The boiled stock on the left has a much lighter color than the roasted stock on the right. |
Ingredients (for either roasted or boiled)
2 lbs chicken bones, innards, trimmings
6 whole sprigs of parsley
1/2 a whole lemon
2 bay leafs
1/2 onion, quartered
1 carrot, cut in 4 large pieces
1 stalk of celery, cut in big pieces
4 large cloves of garlic
2 tsp salt
2 tsp black pepper
This is a picture of the ingredients in roasting pan. The first step to making roasted stock is to drizzle olive oil over the ingredients.
Preheat the oven to 350 degrees.
Roast for about 30 minutes, until the chicken is starting to brown.
Cover the ingredients with water, bake uncovered for an hour. After the first hour reduce heat to 225 and cover stock with tin foil. Cook for 2 to 3 more hours.
To boil the chicken stock add the same ingredients and cover with water. Place the lid over the pot and let simmer on medium low for about 4 hours
Once the chicken stock is done cooking strain the stock. Pour into individual containers and place in the refrigerator.

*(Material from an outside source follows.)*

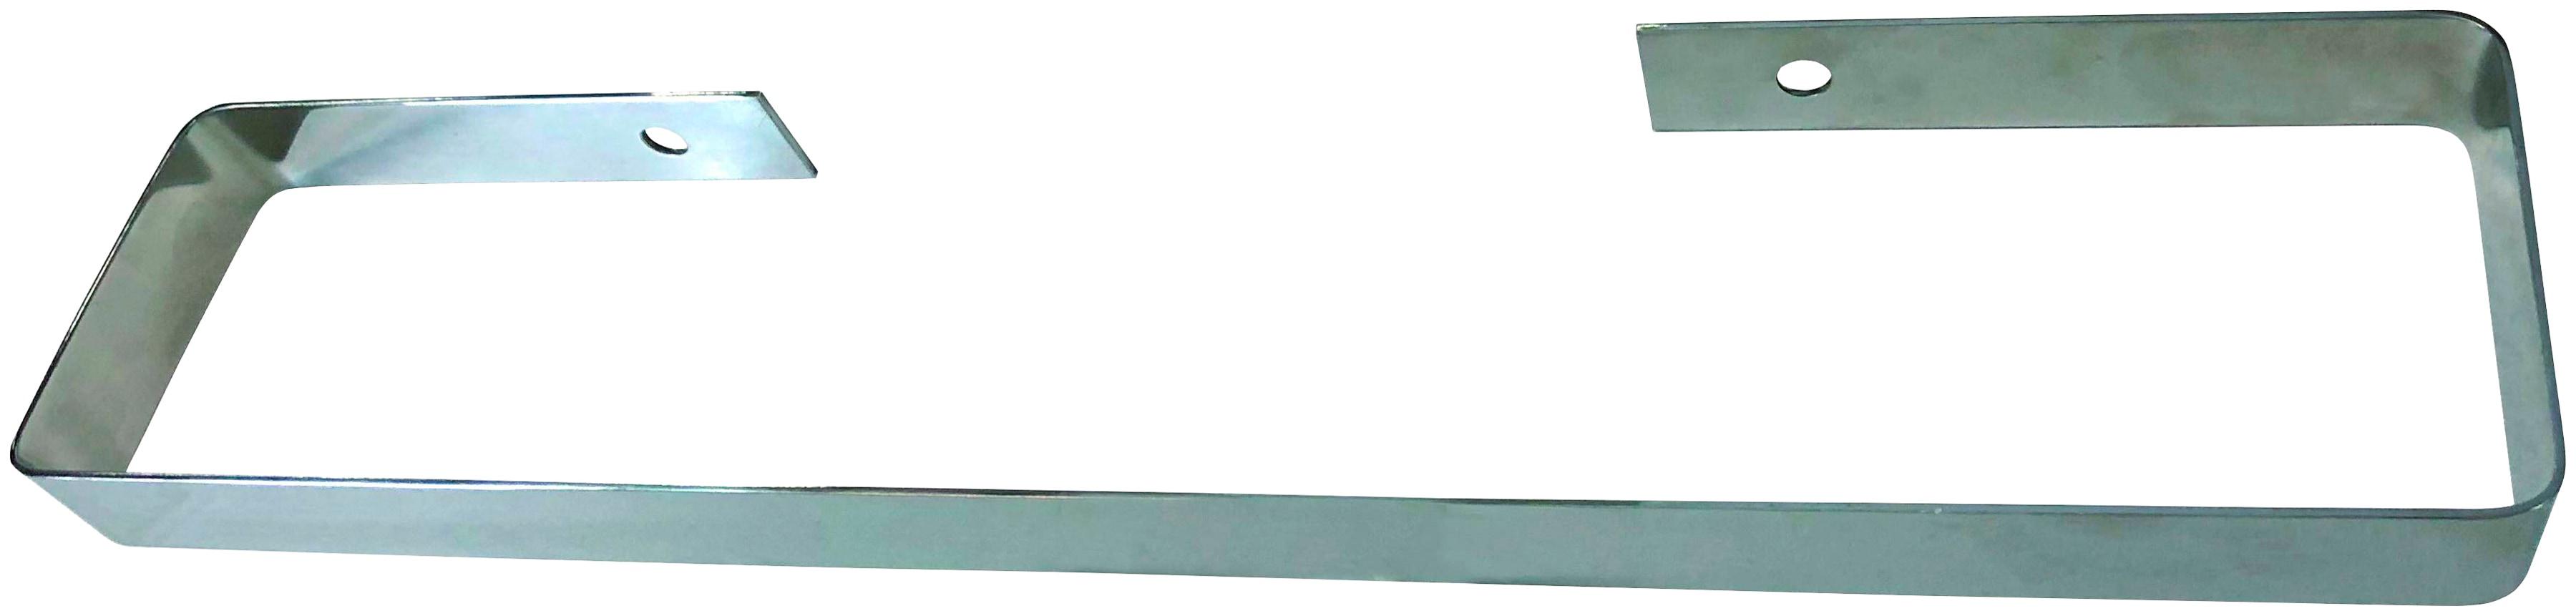 Image of JOLLYTHERM Packung: Handtuchhalter 63 cm breit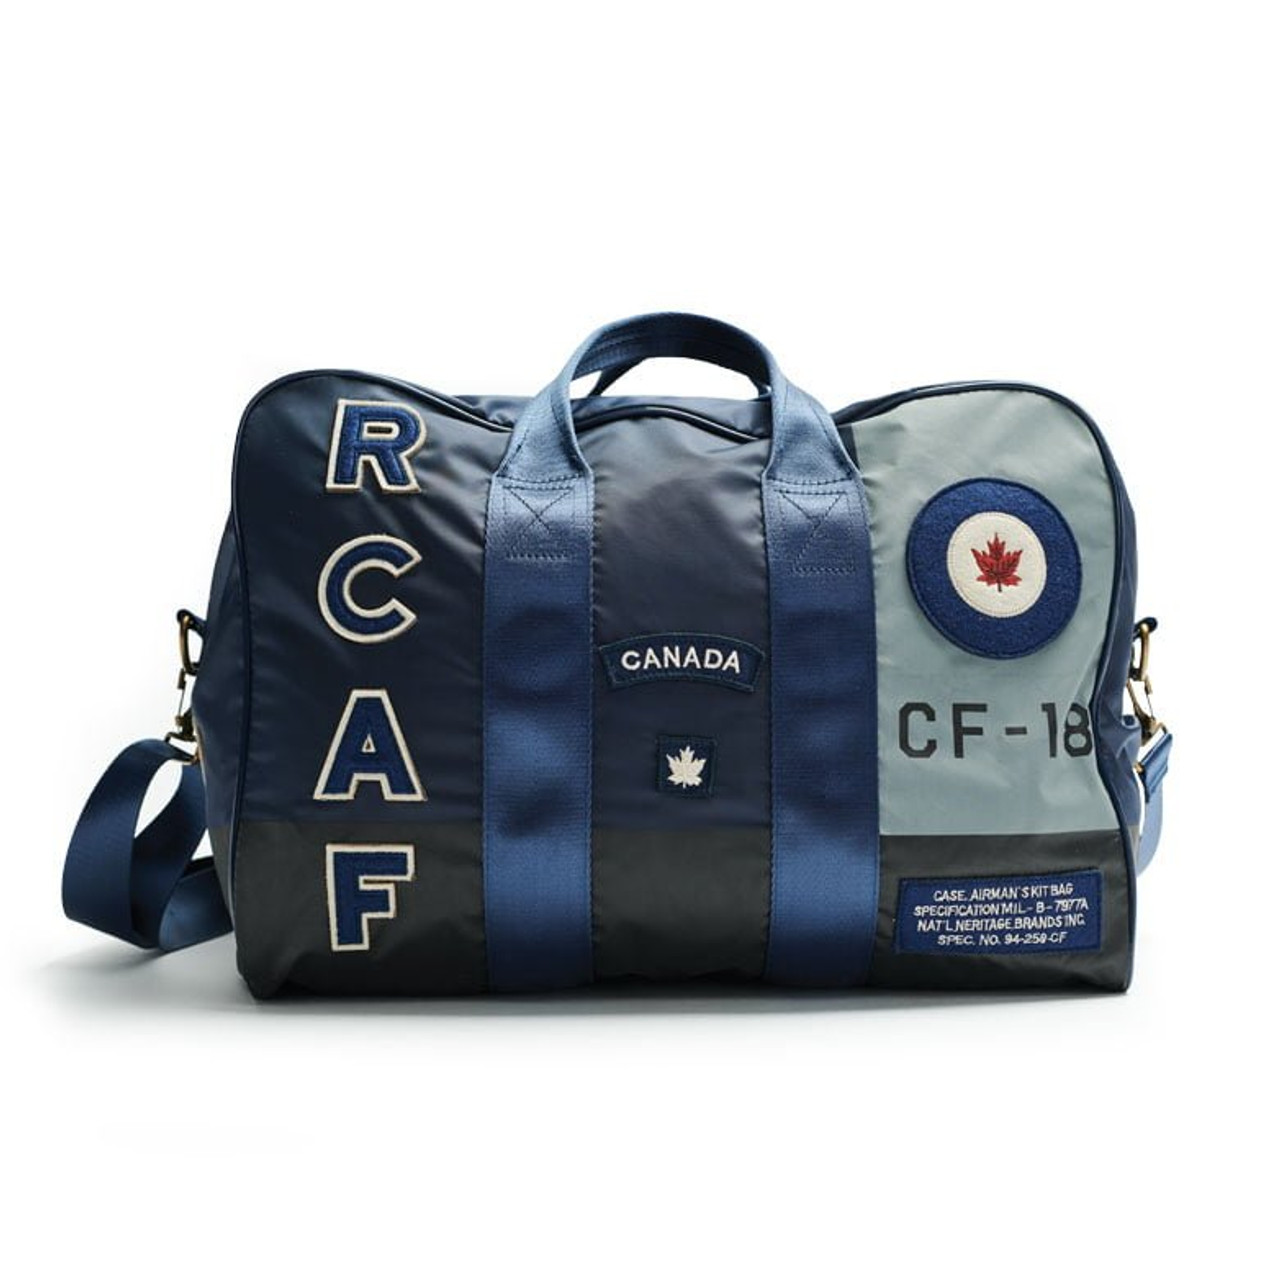 RCAF Kit Bag

Once the stock has cooled it is easy to skim off of the fat because it all rises to the top.
The stock will be thick, almost like a jello consistency, but once you heat it up in a recipe it will quickly turn back into a liquid.
The biggest difference between the roasted stock and the boiled stock is the intensity of the lemon flavor. The roasted stock had a very rich flavor but the lemon was not very prominent. In the boiled stock the lemon flavor was very present, which added a fresh taste but it could be over powering in certain recipes.